For (somewhat) completeness, what's actually on the wire might naively be called 640x240 @ 59.94fps, but that's only because half of the lines are sent for each frame. Odd numbered lines for one frame, even numbered for the next, odd, even, odd, even, etc. You only get 29.97 full frames per second, but that's not really accurate either, because each of those partial frames, and in fact each line and even each "pixel" represents a different point in time.
(They're not really pixels. It's a continuous smear of brightness all the way across each line. It only so happens that sampling that brightness 640 times per line gives pretty close to square pixels in the computer.)
That signal is based on transmitting only a single value at any given point in time, while both the camera and the TV stay in sync with each other to draw that value at the same time - and therefore the same place - that the camera saw it. Interlacing, as described above, was used to send only half of the information - which made it much easier with the technology at the time - while still producing what appeared to the viewers' eyes on a phosphorescent CRT TV to be a complete picture.

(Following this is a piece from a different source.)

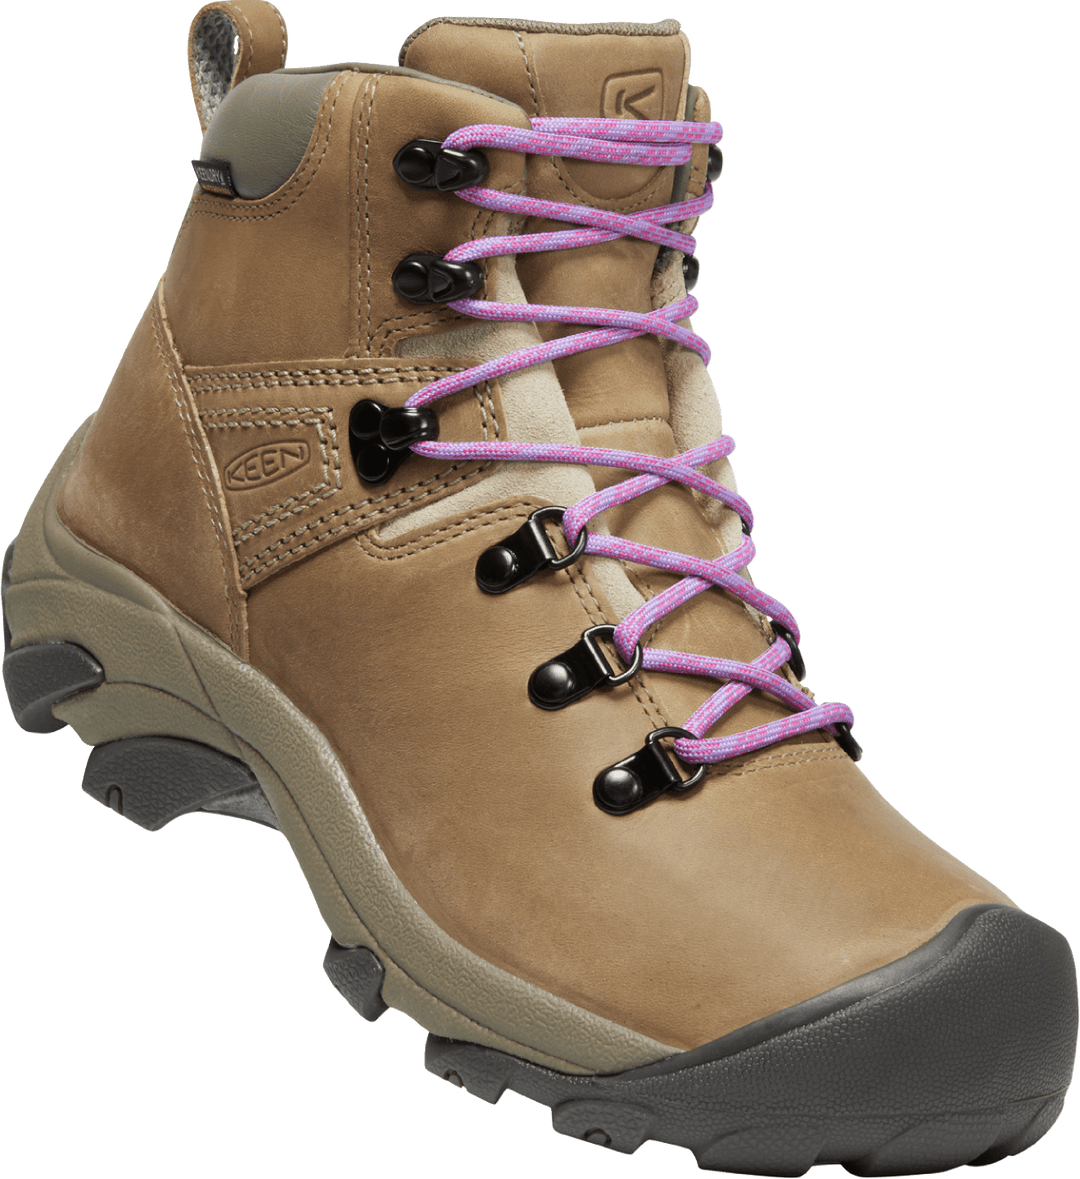 Keen Women's Pyrenees Hiking Boots - Safari / English Lavender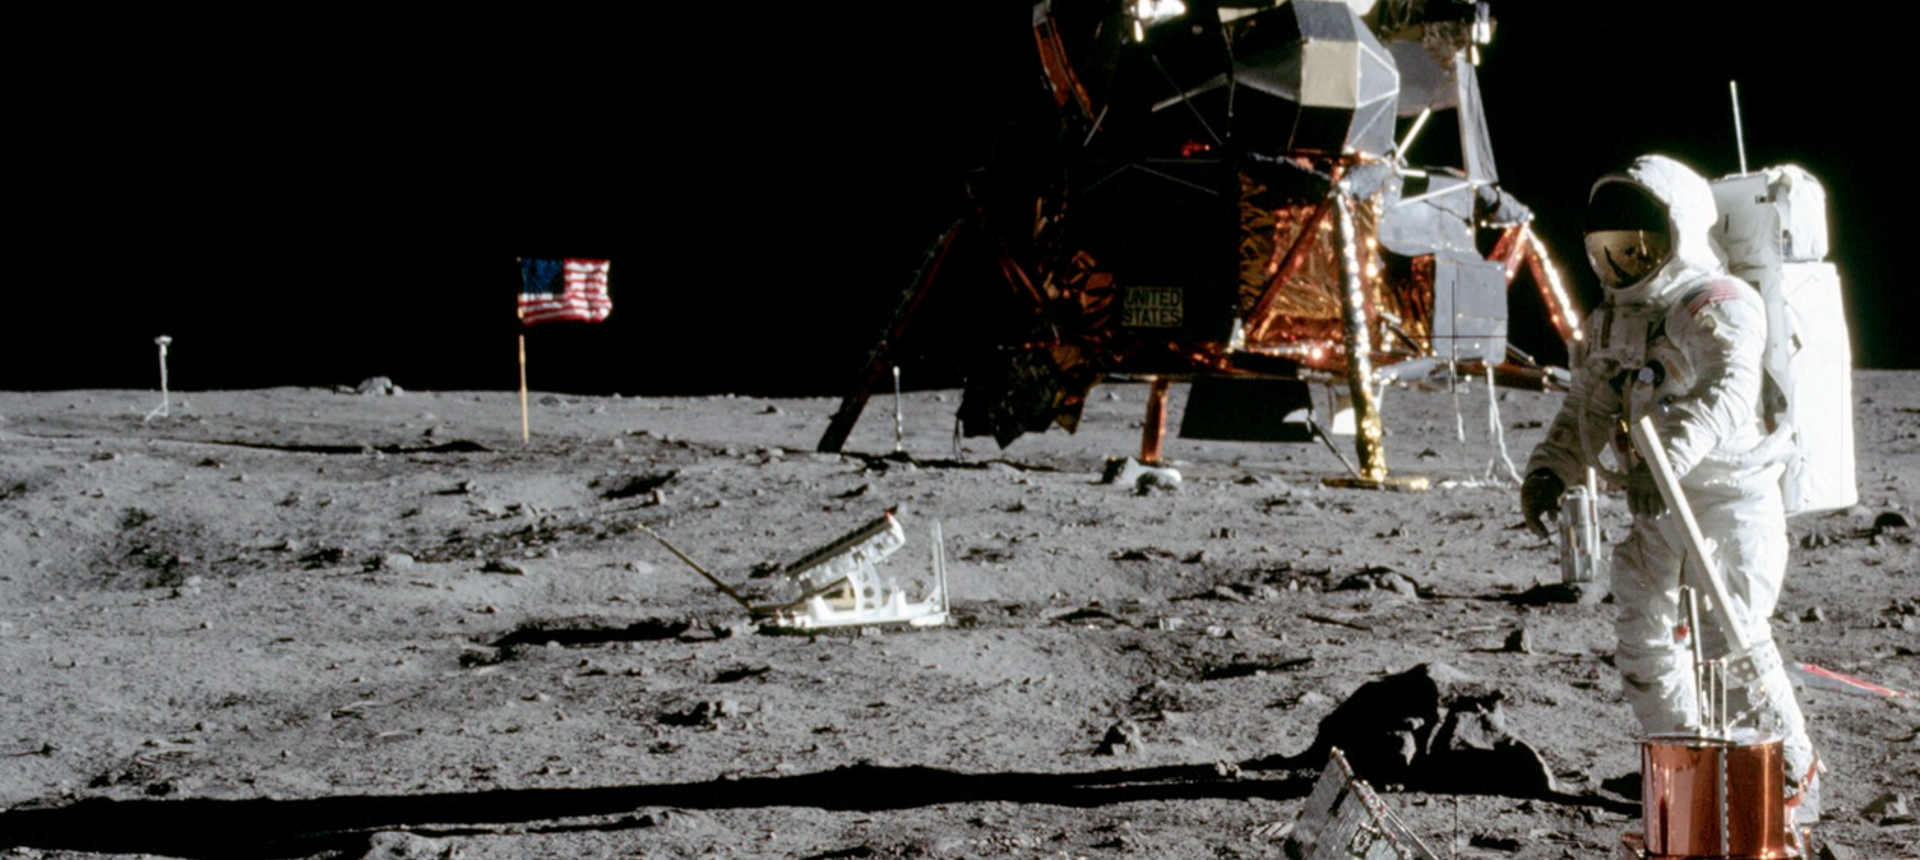 Dal sito: Apollo 11 in real time - https://apolloinrealtime.org/11/

Some de-interlacing algorithms are better than others at converting that "smeared-time" signal into a series of still images like we expect now, but all of them should at least give you a correctly-framed image, even if it "combs" badly when there's horizontal motion. That is, as long as the sync signals work.
If the sync signal doesn't get all the way across, then the picture lines up wherever it wants to, often wandering, and "wraps" around the edges of the screen.